Fellow contributors, I have written a program that is meant to be applied on a data set of more than a million observations. At some point of the program I need to do row-wise operations on a pandas data frame where considering the number of observations it could take a while to be executed. I would like to find a more efficient way of doing it in particular if there is an efficient vectorized way to do it as we would do in the same situation in R. Here is a sample data set:
df = pd.DataFrame({'A' : ['Yes', 'No', 'Yes', 'Yes', 'No'],
'B' : ['Blue', 'Red', 'Red', 'Blue', 'Blue']})

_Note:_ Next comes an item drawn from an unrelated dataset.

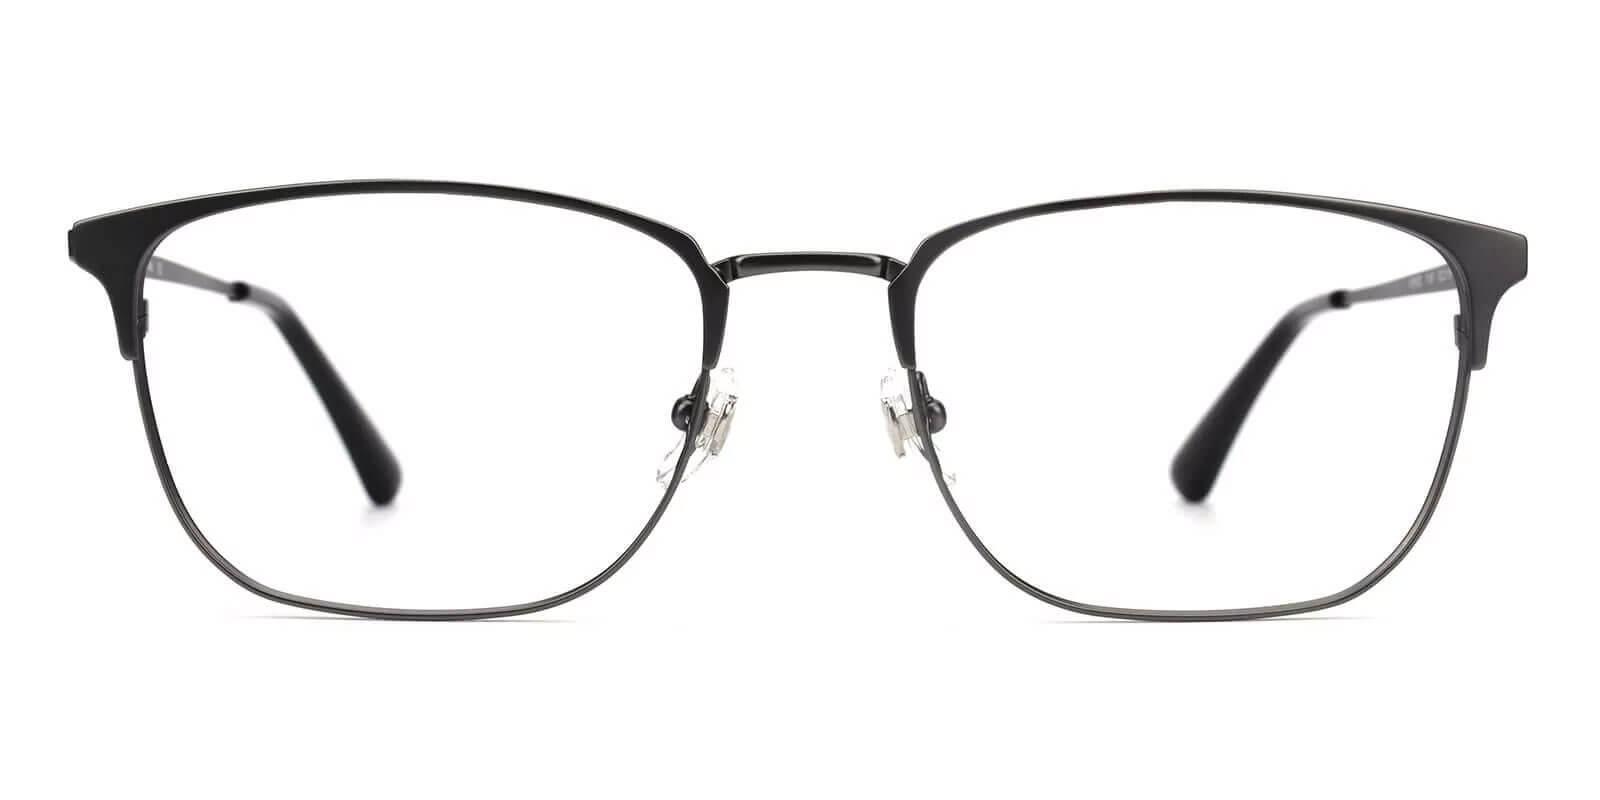 Nathan Gun Titanium NosePads , Eyeglasses , Lightweight Frames from ABBE Glasses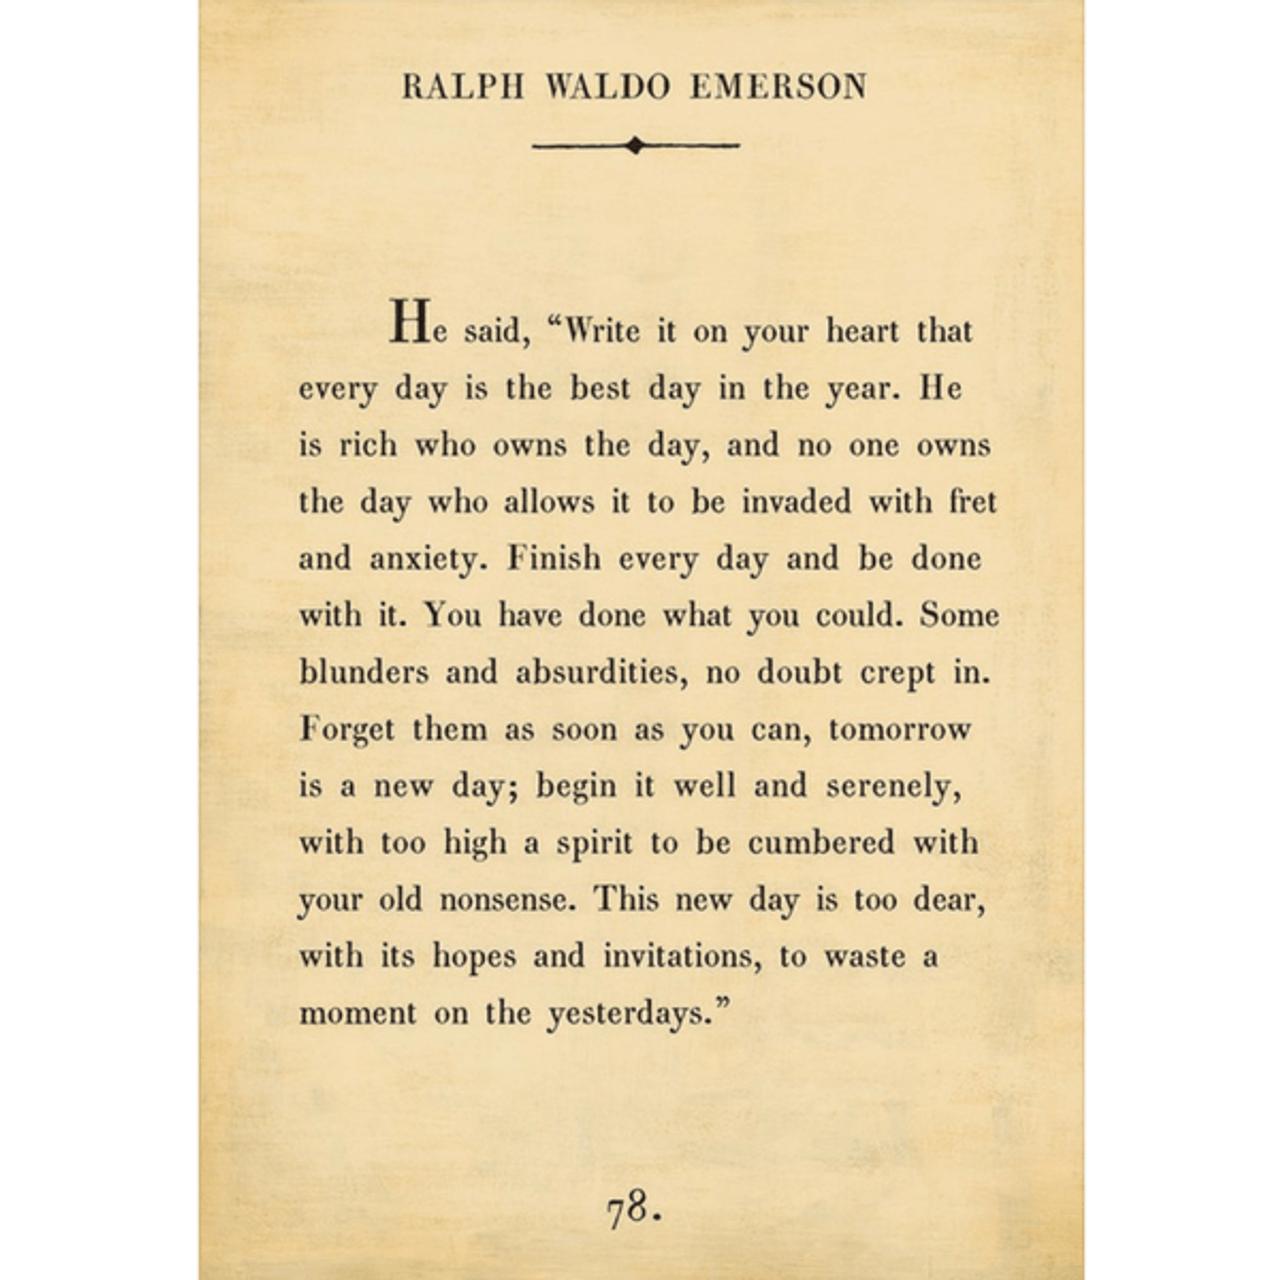 ralph waldo emerson art print - cream with gallery wrap frame

And my code (However in real code there are more if-else expressions to be checked):
def my_fun(row):
if (row['A'] == 'Yes') & (row['B'] == 'Blue'):
return 'foo'
elif (row['A'] == 'Yes') & (row['B'] == 'Red'):
return 'bar'
else:
return 'foobar'
return row
df['C'] = df.apply(my_fun, axis = 1)
Which results in:
df
A B C
0 Yes Blue foo
1 No Red foobar
2 Yes Red bar
3 Yes Blue foo
4 No Blue foobar
Thank you very much in advance.
CodePudding user response:
You can use np.select
df['D'] = np.select(
[df['A'].eq('Yes') & df['B'].eq('Blue'),
df['A'].eq('Yes') & df['B'].eq('Red')],
['foo', 'bar'],
'foobar'
)
print(df)
A B C D
0 Yes Blue foo foo
1 No Red foobar foobar
2 Yes Red bar bar
3 Yes Blue foo foo
4 No Blue foobar foobar
CodePudding user response:
That's exactly what the built-in pandas loc
is made for.
df['C'] = 'foobar'
df.loc[(df['A'] == 'Yes') & (df['B'] == 'Red'), 'C'] = 'bar'
df.loc[(df['A'] == 'Yes') & (df['B'] == 'Blue'), 'C'] = 'foo'